China flatly refuses to allow a similar court to arbitrate on its territorial claims in the South China Sea, which in some quarters is now being called the West Philippine Sea.

ASEAN also appeared intent on allowing Burma to take its turn as the rotating chair in 2014, leaving a bad taste at the conference.

Again, it was up to the Americans to save ASEAN’s moral bacon, pointing out that having such a country at the helm of an association that operates under the motto ‘Promoting peace and security through dialogue and co-operation in the Asia Pacific’ would be totally inappropriate.

Elsewhere, words like ‘constructive engagement’ were bandied about as India and ASEAN agreed to upgrade their trade relationship, while Laos was praised for bowing to environmental concerns and deferring construction of the 3.5 billion Xayaburi dam on the Mekong River.

The European Union was chastised for failing to send a high-level delegation to the meet, while seeking to add some urgency to its bid to open talks on Free Trade Agreements with countries in the region. Negotiations are underway with Singapore and Malaysia, while it hopes to begin talks with Vietnam and Indonesia shortly.
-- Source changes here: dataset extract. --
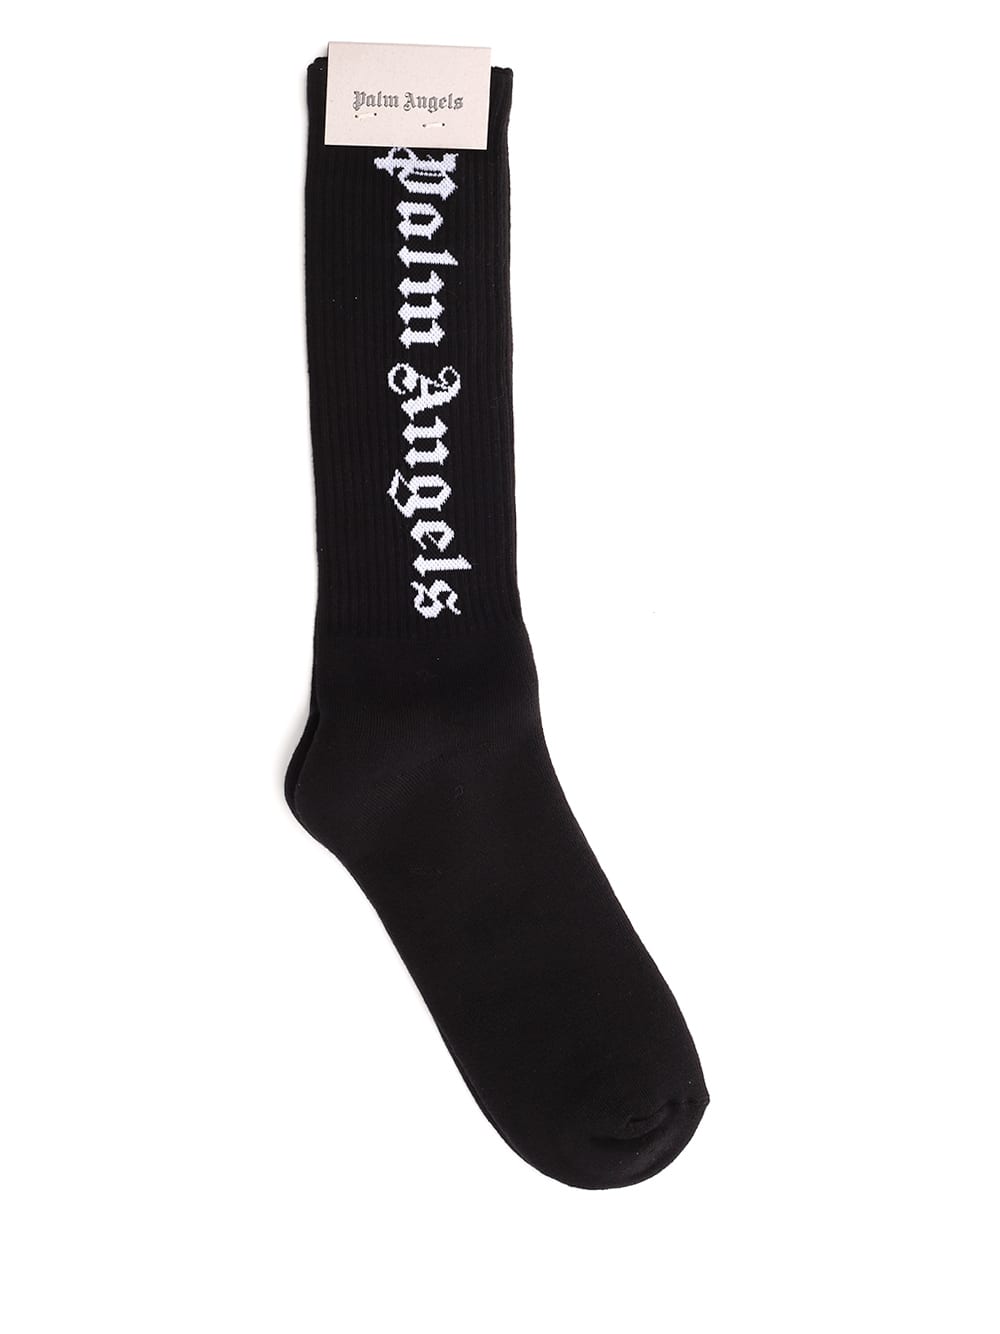 Shop Palm Angels Black Socks

The meetings attracted 1,000 delegates from 27 countries, with 566 journalists from 158 media outlets in 157 countries accredited to cover.Had it not been for Clinton and her country’s ability to take a stand on issues that directly impact on ASEAN they might as well have all stayed at home.

‘With China becoming ever more assertive, many Asian countries are looking to the United States to balance China’s rapid growth, while at the same time avoiding unnecessary conflict,’ Asia Society Executive Vice President Jamie Metzl said.

‘Asian attention is also on the United States, where increasing debt problems and an inability to address them politically put America’s staying power as a forward-deployed global force into question,’ he said.

‘Asian powers, however, should not underestimate the United States. Home to the largest and still most creative economy in the world, the US will play a leading role in Asia for many decades to come.’